Honestly, for me, retirement is nothing like I thought it might be.  I have always been a creature of purpose and planning.  I have a great education and lots of experience in areas really needed right now.  I am not a "sidelines" person.  I am having some real issues around not being able to do what I love and what has been my passion for nearly four decades of my life.

Honestly, my book dreams are in a barren space.  It hit me early this summer, after making a two-week trip to South Dakota for research and development of my thesis, that a week or two, here and there, will not suffice to do justice to this project.  The cost for that trip alone took two months to actually pay off.  I realized that, to do this without destroying a retirement income will take a grant or project income of some kind.  I had not prepared to face that inevitability.  Costs?  My best estimate is about $20K.  This is not easy for me to face for some reason.

Honestly, there is one thing I have gotten used to.  That is being able to structure my own days.  You see, it's not that I don't have anything to do.  I can fill a day pretty easily...and not by doing "retired things" about which folks tend to fantasize.  I do a lot of research, which means a lot of reading.  I practice writing (welcome to blogdom).  I have several quiet projects that I am doing...very much like being a consultant, but unpaid and not really "official."  I have friends here who think I am could be, perhaps, more available.  In all of this, I can construct my calendar in ways that spread things out and allow for some quality reflection time in the midst of the projects.  No bells, buzzers, lines at the office door, or incessant phone call returns.  And, no night meetings!  This last thing is huge.  I'm not a night person.  I am a morning person.  Long, complex and sometimes intense parish night meetings never grew on me.  My dream meeting:  7:00am to 8:30am.  In all my years, I had one group willing to do that, and we got a whole lot done.

I have created a classification for how I am attempting to construct retirement.  It is called "Aimless Purpose."  Each day has a series of activities or projects that have clear objectives.  Outside of certain pre-set appointments (e.g. a doctor, getting the car serviced, someone who has made an appointment for meeting), that series of activities has maximum flexibility.

Let's say, I want to spend some extra time in the morning doing contemplative prayer.  I delay my time at my study desk by thirty minutes or so.  I get an urge to go exercise at the fitness center at 11:00am rather than the usual 2:00pm, I move things around.  I want to take a break and go see a movie or go for a walk in one of our great parks, or take a ride to Anna Maria Island and sit on the pier for an hour, I can work harder to finish what I planned or, if it isn't urgent, re-plan it for another time.

'That's not very organized,' one might quip.  Exactly!  It is an exercise in a kind of spontaneity that has both structured objectives and ultimate flexibility:  Aimless Purpose!

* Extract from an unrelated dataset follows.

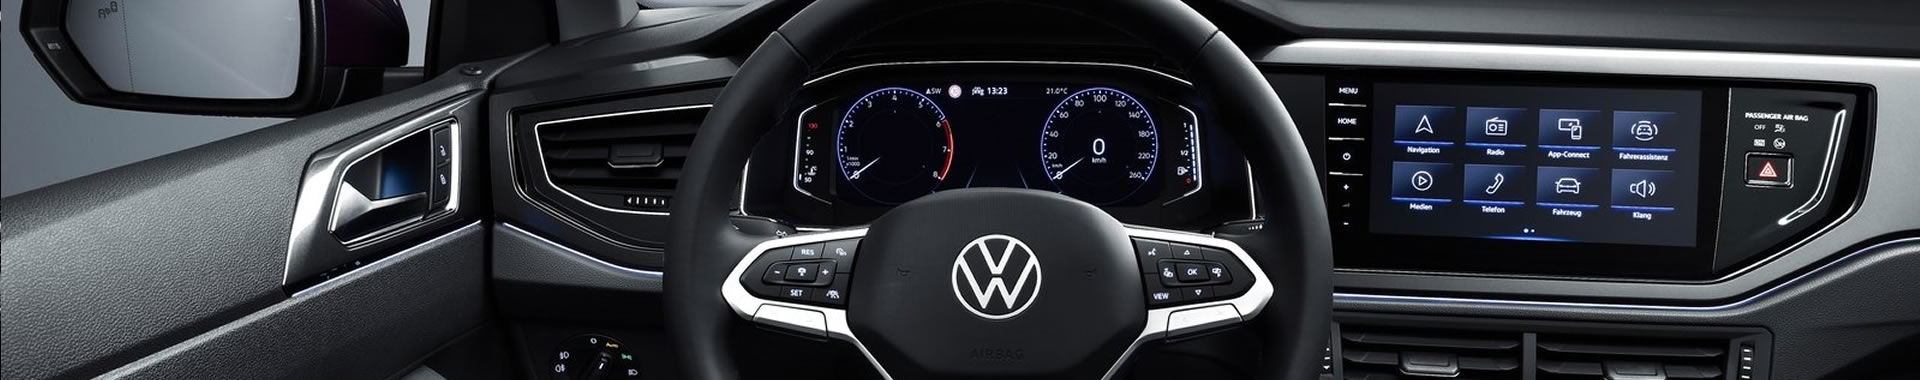 VW Polo Cockpit
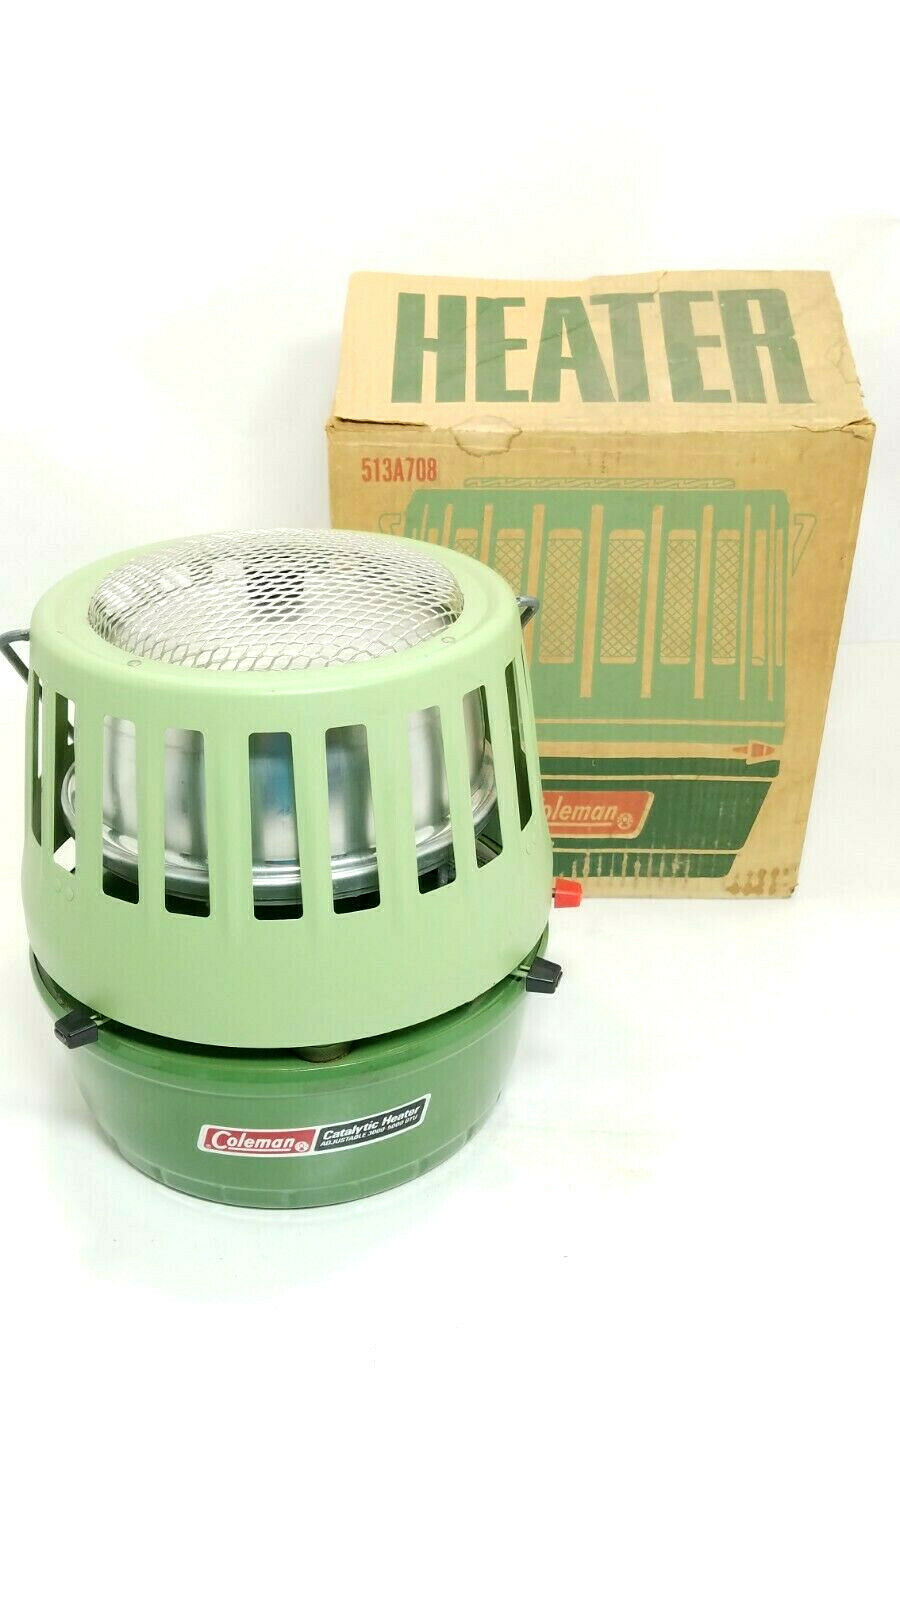 Vintage Coleman Lantern Catalytic Heater 513a708 Dial-temp 3000-5000 Btu 1974

You know something?  The Lakota have known about this a very long time.  They wouldn't call it "aimless purpose."  They simply call it life.  I have long admired their capacity to be totally "in the moment" of what they are doing...and getting it done.  Then, they move on to the next event or project.  It frustrates the stew out of non-First Nations folks.  We are clock watchers, multi-taskers and product slaves.  

Now, I come home from an appointment, put a leash on our dog and head down to the mailbox at the corner of our block.  I pause to look at the clouds.  I listen to the cicadas, the hawks and other creatures moving about.  I inhale the smell of newly mowed grass or the fresh scent following a summer afternoon rain. I decide that this trip won't simply be to the mailbox and back.  We are going around the block.  Then, I think I will finish what I started in the morning.

Today, I decided to write this blog post.  I made that decision while at the beach this morning.  There are a couple of other things that need doing.  They will, indeed, get done...but perhaps not today.  Aimless Purpose.